_TASK OBJECTIVE_
Extract each line of the material that follows exactly and omit its pictures.

BEGIN COLLECTED MATERIAL

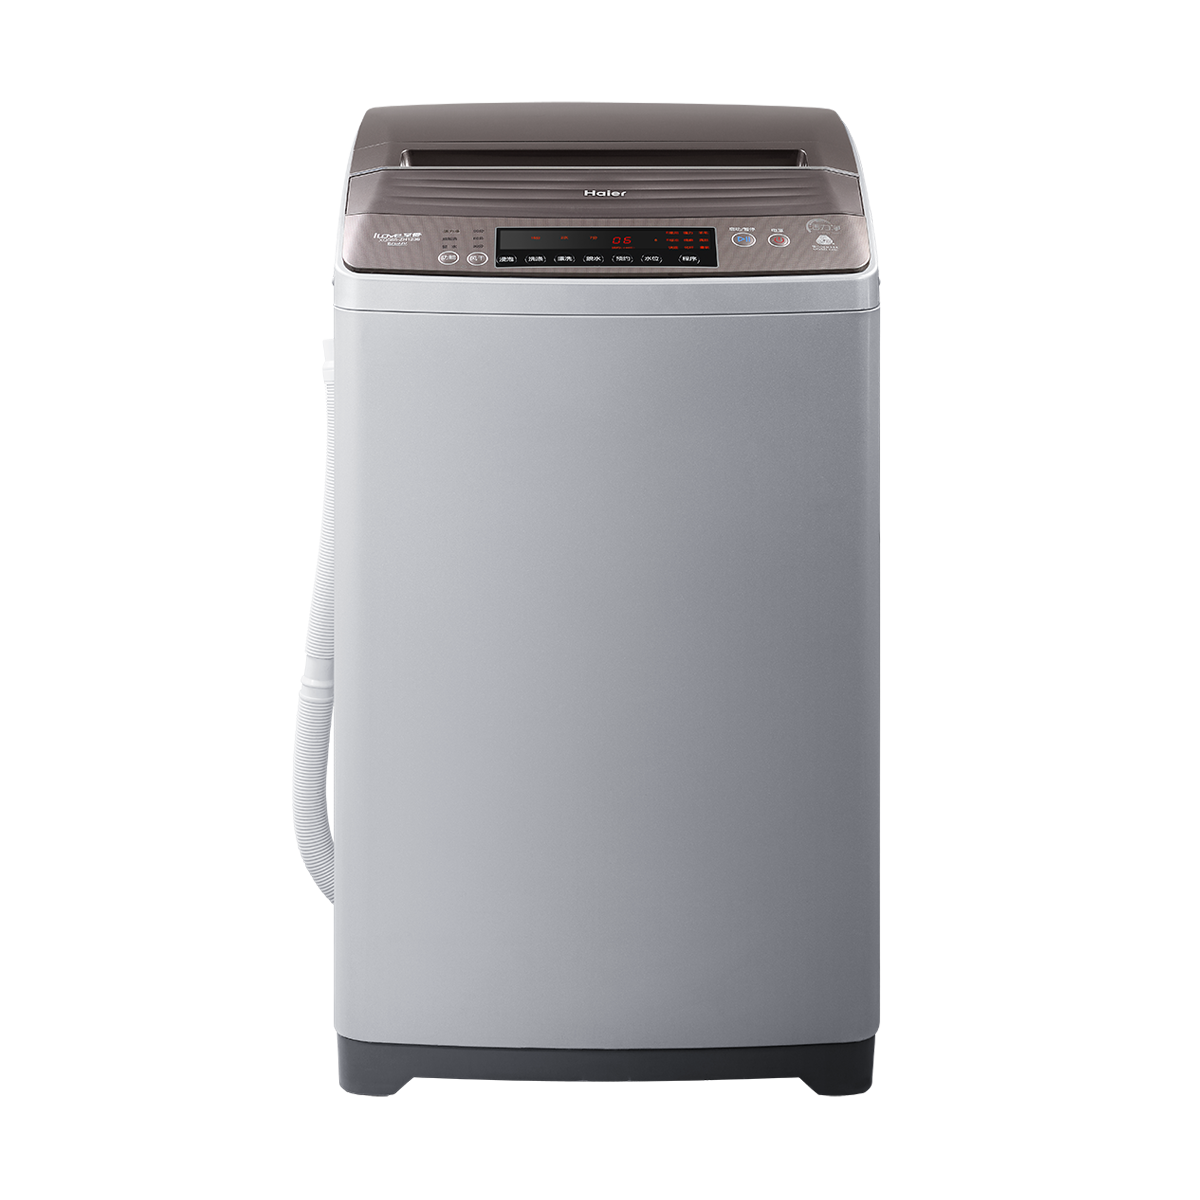 海尔Haier洗衣机 XQS65-ZH1236 说明书
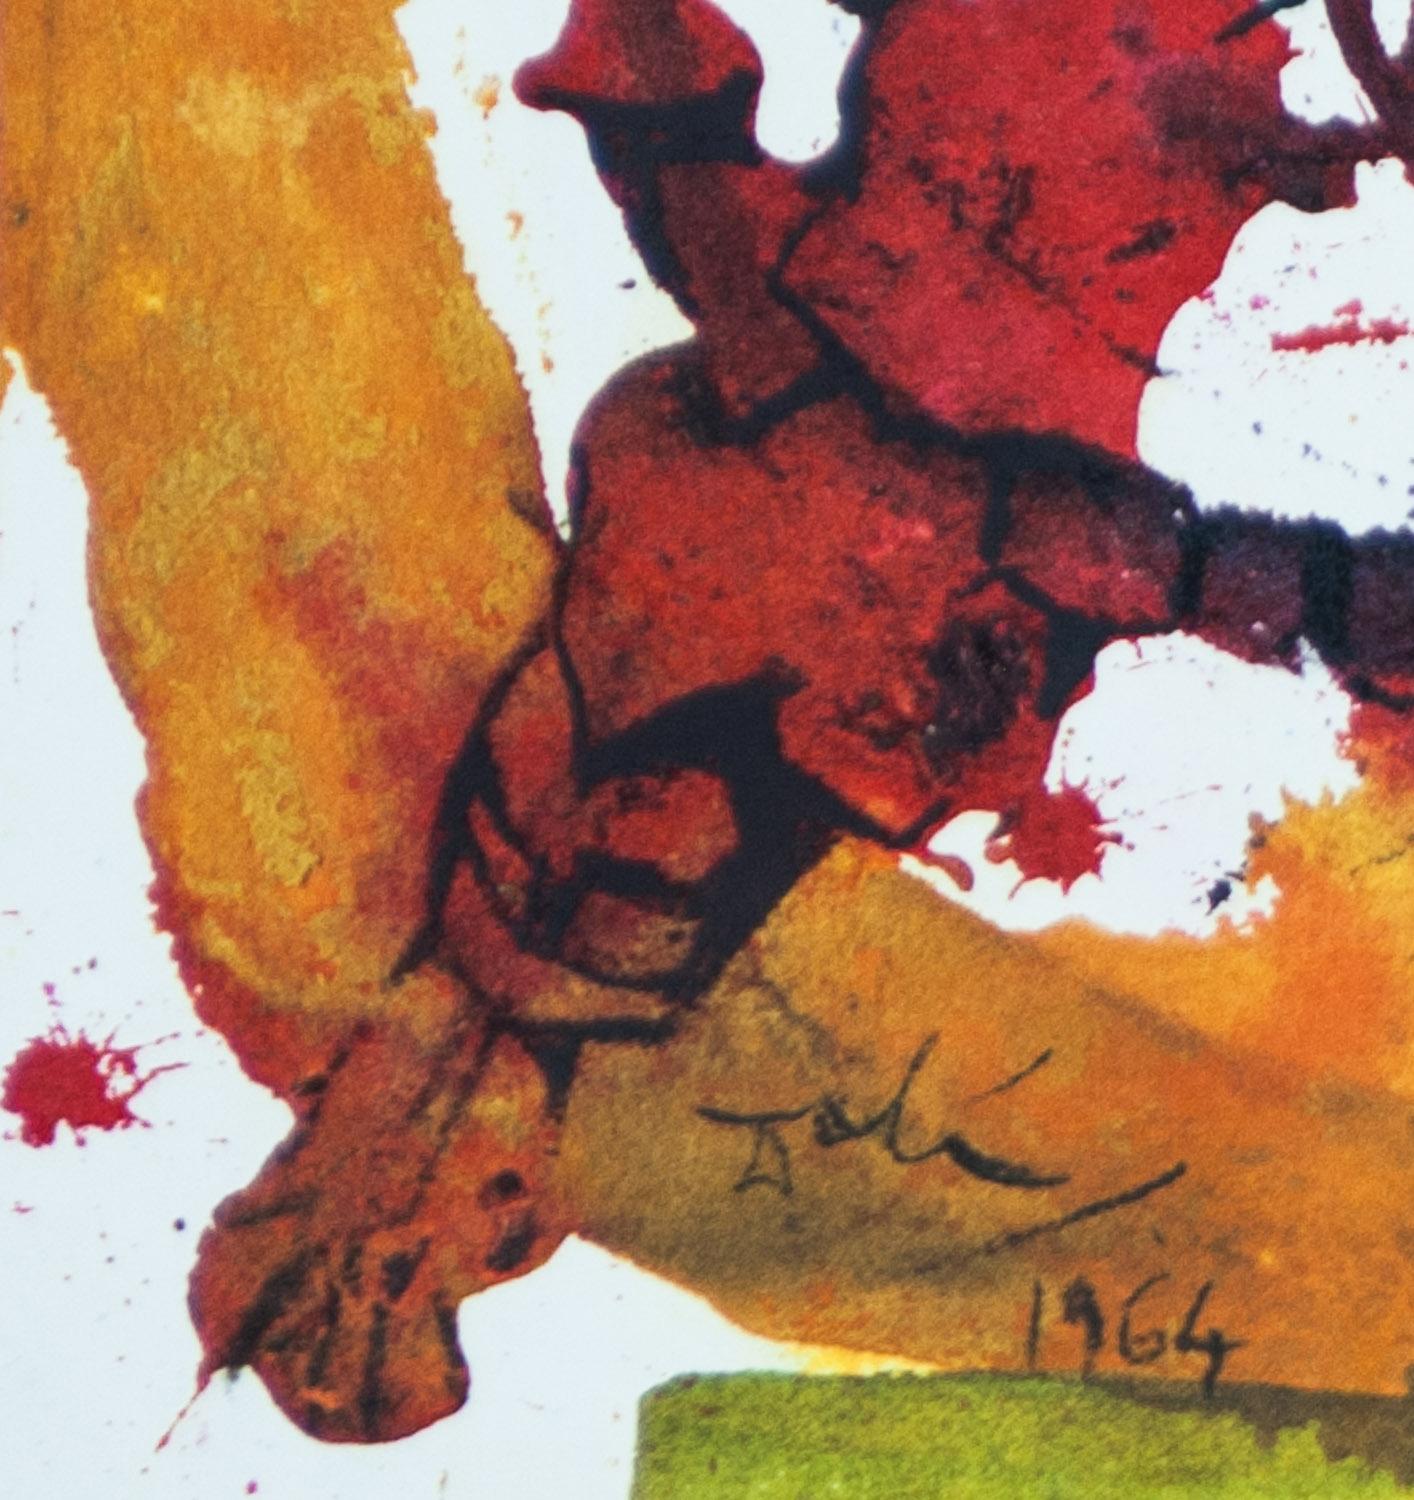 The Chosen Vineyard,  Biblia Sacra Salvador Dali Lithograph 1964 - Print by Salvador Dalí
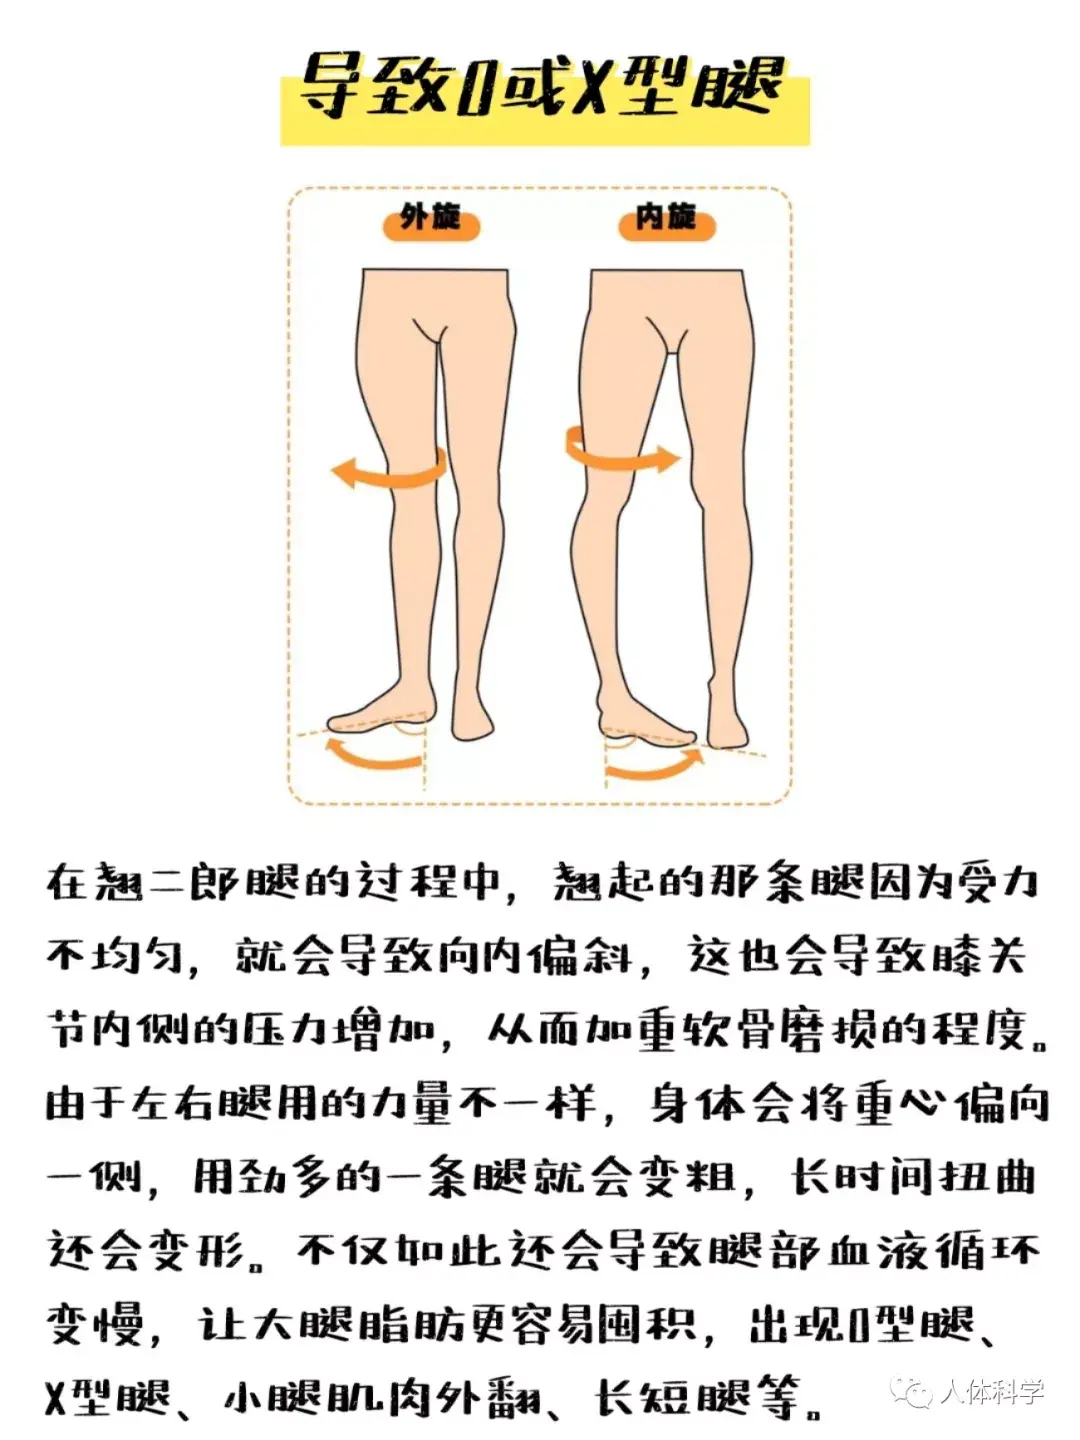 导致o或x型腿在翘二郎腿的过程中,翘起的那条腿因为受力不均匀,就会

END COLLECTED MATERIAL

_OUTPUT OF THE TASK_
 海尔Haier洗衣机 XQS65-ZH1236 说明书
 The Chosen Vineyard,  Biblia Sacra Salvador Dali Lithograph 1964 - Print by Salvador Dalí
 导致o或x型腿在翘二郎腿的过程中,翘起的那条腿因为受力不均匀,就会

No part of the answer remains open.